Deputy prime minister Nick Clegg yesterday threw his authority behind Norfolk MP Norman Lamb after his key aide signalled that he might quit the government over its NHS reforms.

“I couldn’t agree more with Norman. We have to get this right”, he said. “The NHS is too precious. It’s too precious to me, it is too precious to everybody else who relies on it in the country, to not get the principles translated properly into practice.’”

These words contrasted, however, with sustained reticence on the Tory part of the government. An official spokesman for the prime minister refused to get drawn into the controversy. And Conservative health minister Simon Burns stated tersely that Mr Lamb’s views would be taken into account in the listening exercise that the government had launched.

Tensions within the coalition over the plans to scrap primary care trusts (PCTs), and to give GPs’ consortia responsibility for 80pc of the commissioning of treatment and financing in the NHS, were highlighted at the weekend when Mr Lamb spoke in a BBC interview against a “big bang” approach to health service reform.

Calling for a slowing down of the reform process, he called for “evolution, not revolution”. And although he subsequently denied having threatened to quit, he had told the BBC that a situation could arise over the reforms in which “it’s impossible for me to carry on in my position”.

In making that comment, the North Norfolk MP was referring to his role as chief parliamentary aide to Mr Clegg.

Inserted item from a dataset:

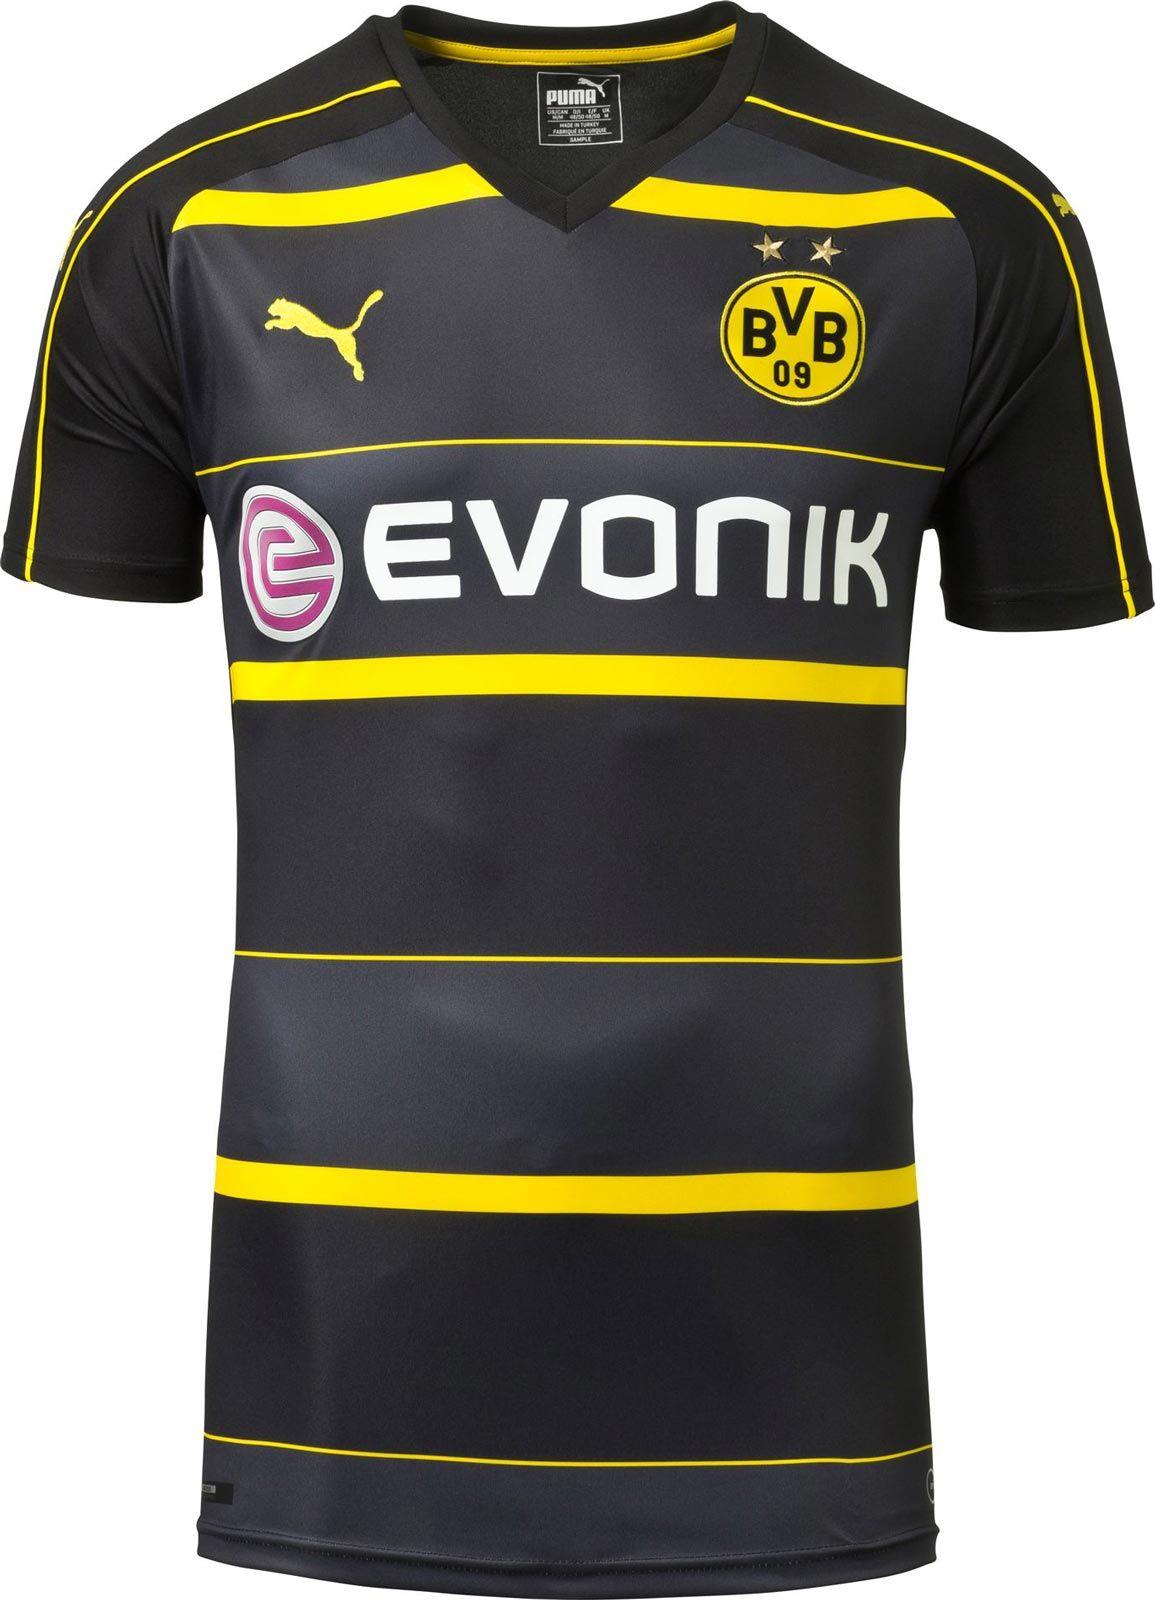 The new Borussia Dortmund 2016-2017 Away Kit boasts a very interesting  design.

But he revealed that the DPM had been warned of what he planned to say. And the view that he had spoken with his blessing was confirmed yesterday when Mr Clegg gave him his backing.

In endorsing the essence of his case, the Lib Dem leader also reinforced the impression that Mr Lamb had been involved in a joint operation to impress on the prime minister a need to ensure that the pause in the reform drive will be followed by more than cosmetic modifications to it.

The DPM said the government is “listening” to concerns over the shake-up, and is willing to “change things where necessary’’.

Mr Lamb agreed with the principles of giving GPs more control over commissioning services and stripping out bureaucracy, said Mr Clegg, and neither he nor the Norfolk MP wanted to “reopen the Pandora’s Box of the basic design of a new system”.

“These basic building blocks are still in place,” continued Mr Clegg. “The detail of exactly how you make these principles work in practice are, of course, things that we want to get right... the devil is in the detail. Norman’s got very strong views about a particular aspect of that. Other people have got particular views about other aspects. Yes, it is unusual that a government is saying yes, we are going to have a pause, listen and reflect and change things where necessary. But I think it is a good thing.’’

Ministers announced last week that they were going to “pause’’ the health reforms amid widespread opposition among NHS professionals, patients’ groups and rank-and-file Lib Dems.

A series of listening events are to take place across the country over the coming weeks, and the prime minister and health secretary Andrew Lansley are to speak at a joint engagement tomorrow.